CREATE VIEW ship_occupants AS
        SELECT * FROM (
                SELECT 'craftsmen' AS type, craftsmen.* FROM craftsmen
                UNION ALL
                SELECT 'impotenten' AS type, impotenten.* FROM impotenten
                UNION ALL
                SELECT 'passengers' AS type, passengers.* FROM passengers
                UNION ALL
                SELECT 'seafarers' AS type, seafarers.* FROM seafarers
                UNION ALL
                SELECT 'soldiers' AS type, soldiers.* FROM soldiers
                UNION ALL
                SELECT 'total' AS type, total.* FROM total
        ) AS ship_occupants_table;

The newly created view will show in the list of database objects when executing \d:

TABLE  voc.craftsmen
TABLE  voc.impotenten
TABLE  voc.invoices
TABLE  voc.passengers
TABLE  voc.seafarers
VIEW   voc.ship_occupants
TABLE  voc.soldiers
TABLE  voc.total
TABLE  voc.voyages

The same statements used to query a table apply to a view. To showcase this, let's calculate the number of people recorded in each group of occupants via the following statement:

SELECT type, COUNT(*) AS total FROM ship_occupants GROUP BY type ORDER BY type;

This should lead to the following output:

+------------+-------+
| type       | total |
+============+=======+
| craftsmen  |  2349 |
| impotenten |   938 |
| passengers |  2813 |
| seafarers  |  4468 |
| soldiers   |  4177 |
| total      |  2467 |
+------------+-------+
6 tuples

To verify the accuracy of the view, let's calculate the number of passengers via the original 'passengers' table:

SELECT count(*) FROM passengers;

You should receive the following output:

+------+
| %1   |
+======+
| 2813 |
+------+
1 tuple

Session termination and logins

To terminate the connection to the server, execute \q or press Ctrl + d. This will return your session to the regular shell terminal.

Next time you wish to interact with the 'voc' database, you can execute the command mclient -u voc -d voc in the shell and enter the password voc when prompted. This will return you to the same session as used in this tutorial.

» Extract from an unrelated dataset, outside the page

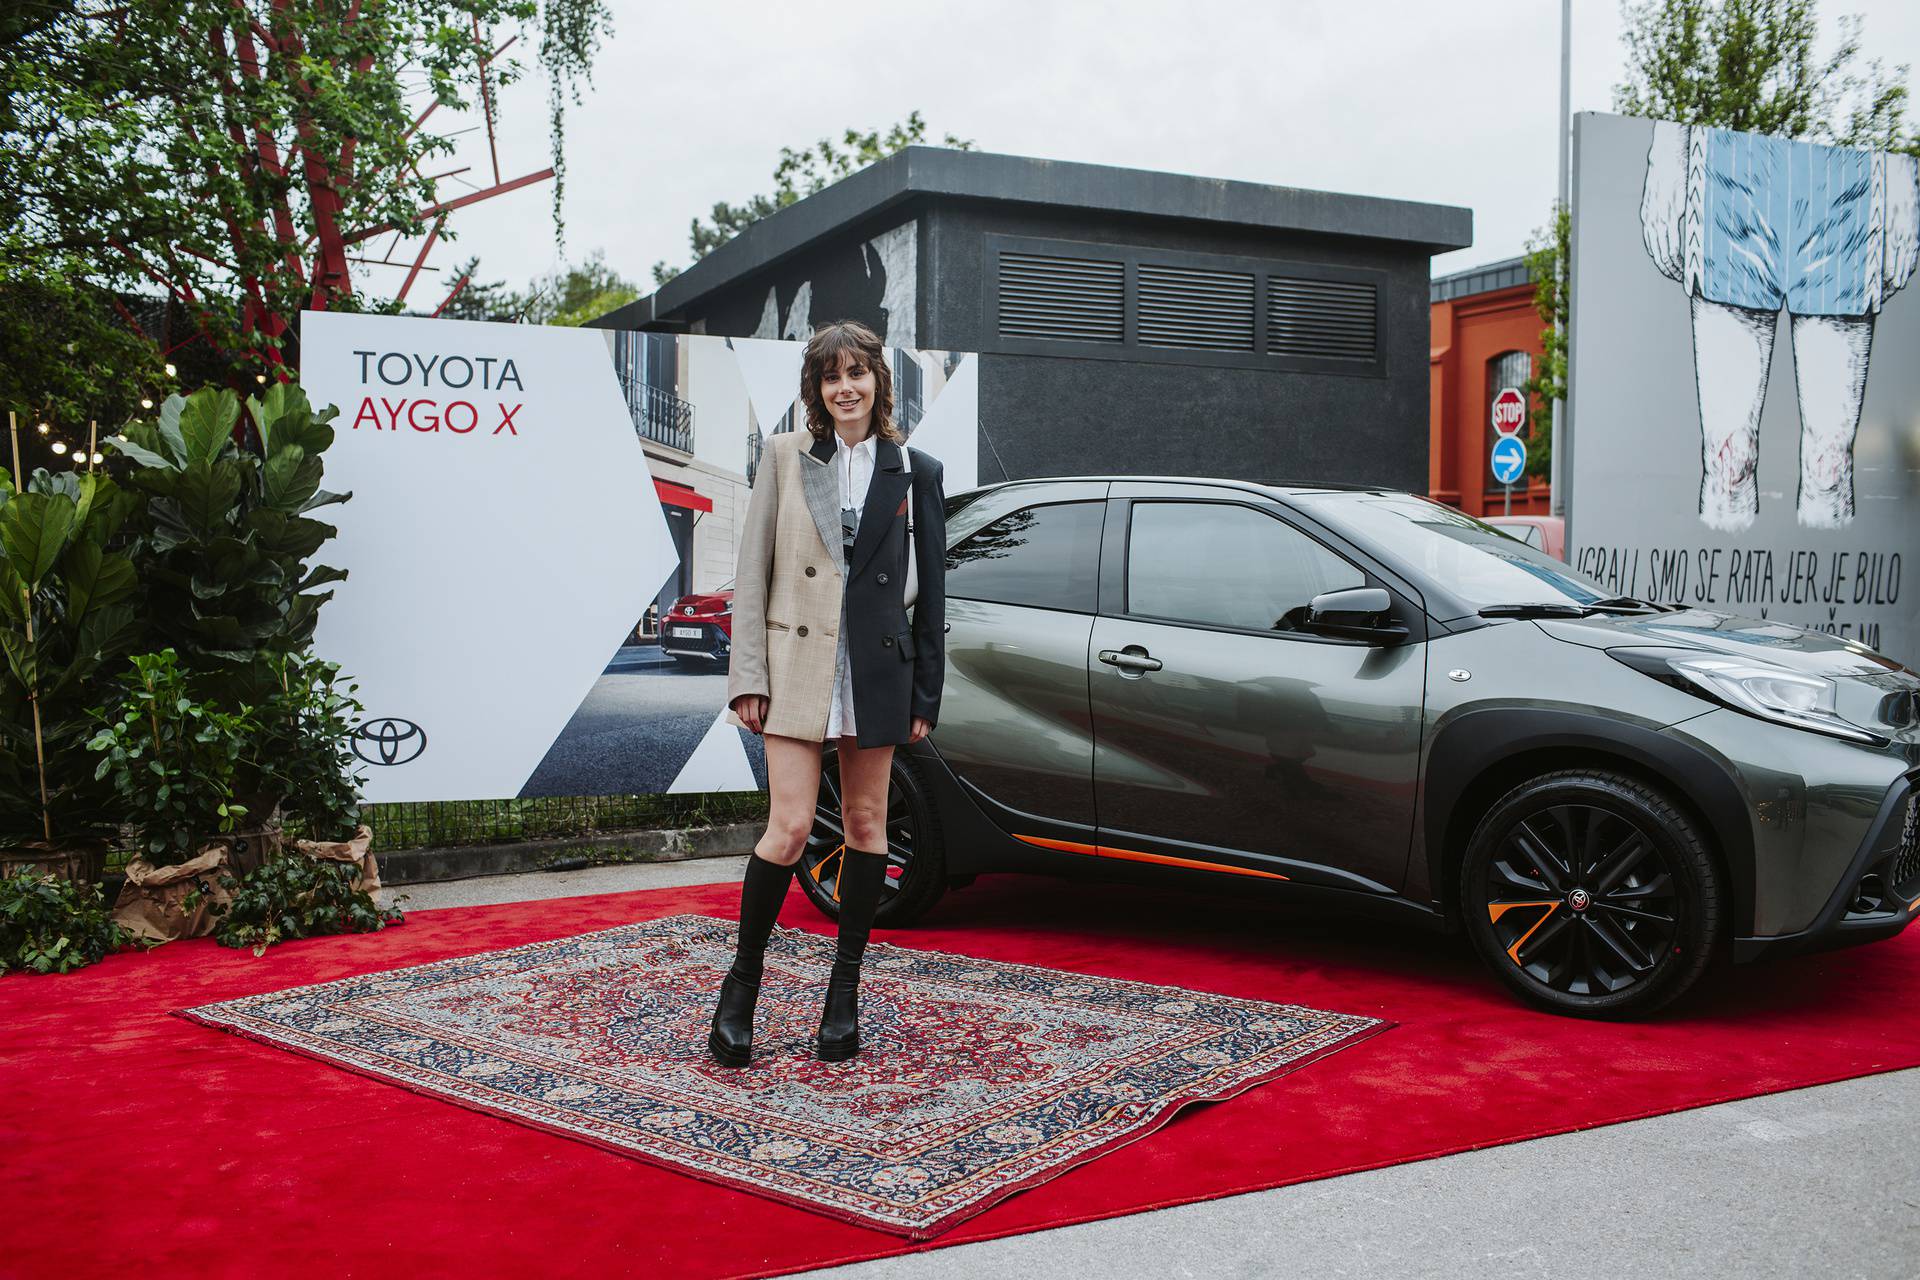 Odlične stvari dolaze u malim pakiranjima – u Hrvatsku stigao Toyota Aygo X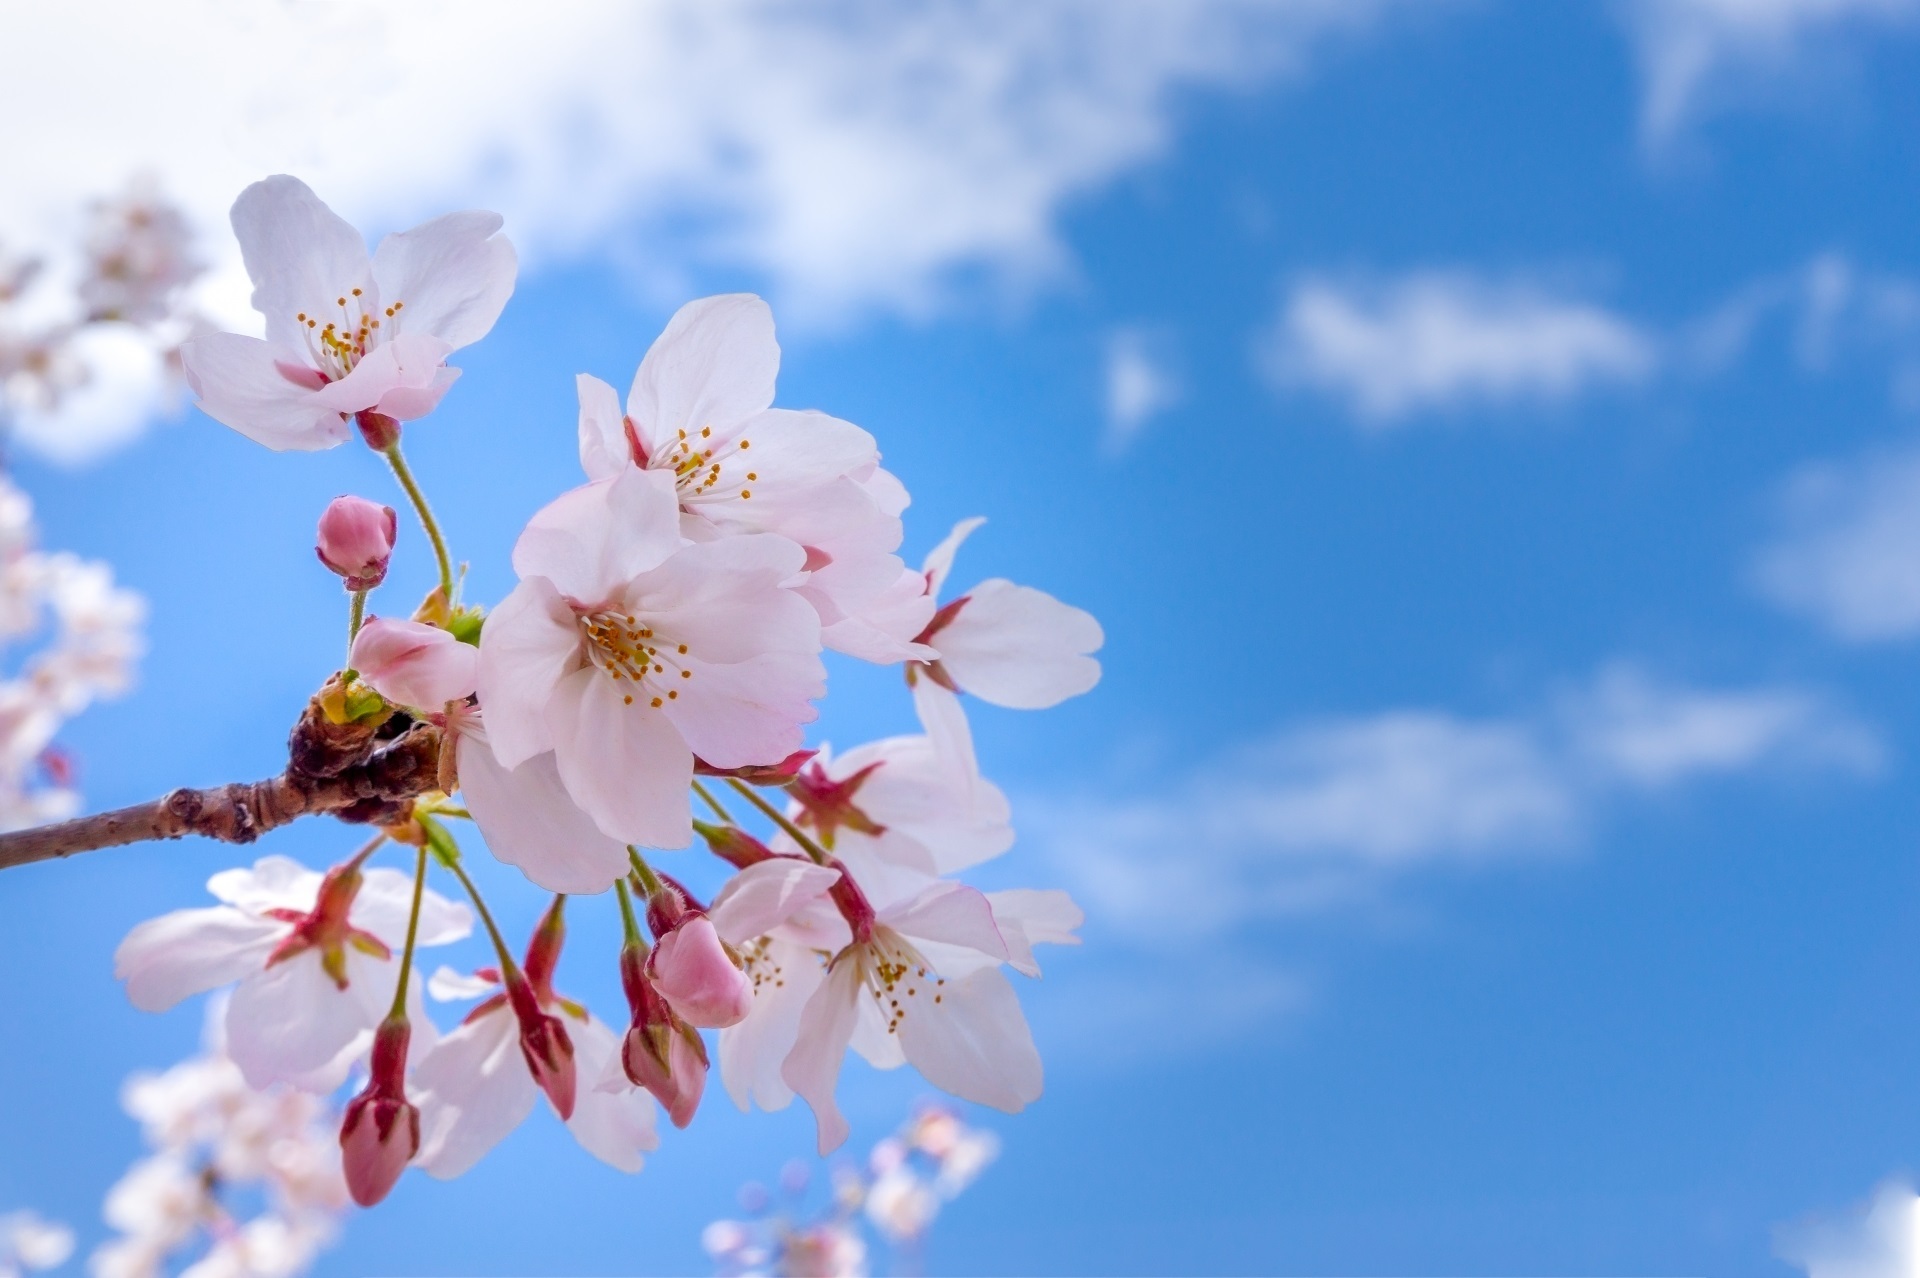 青空に映える桜の花(この画像はイメージです)

Alternatively, login credentials can be saved in the .monetdb file in your home directory. Using your preferred text editor, copy and paste the following text into ~/.monetdb:

user=voc
password=voc

From now on, executing mclient -d voc will automatically start the interactive terminal for the database 'voc' as user 'voc' without a password prompt.

Endnote

While you should now have a good overview of the MonetDB suite and its capabilities, we encourage you to experiment and play around with the VOC (or other) datasets to further your understanding of MonetDB/SQL. We hope this tutorial has been informative and that you will be able solve your database challenges with MonetDB!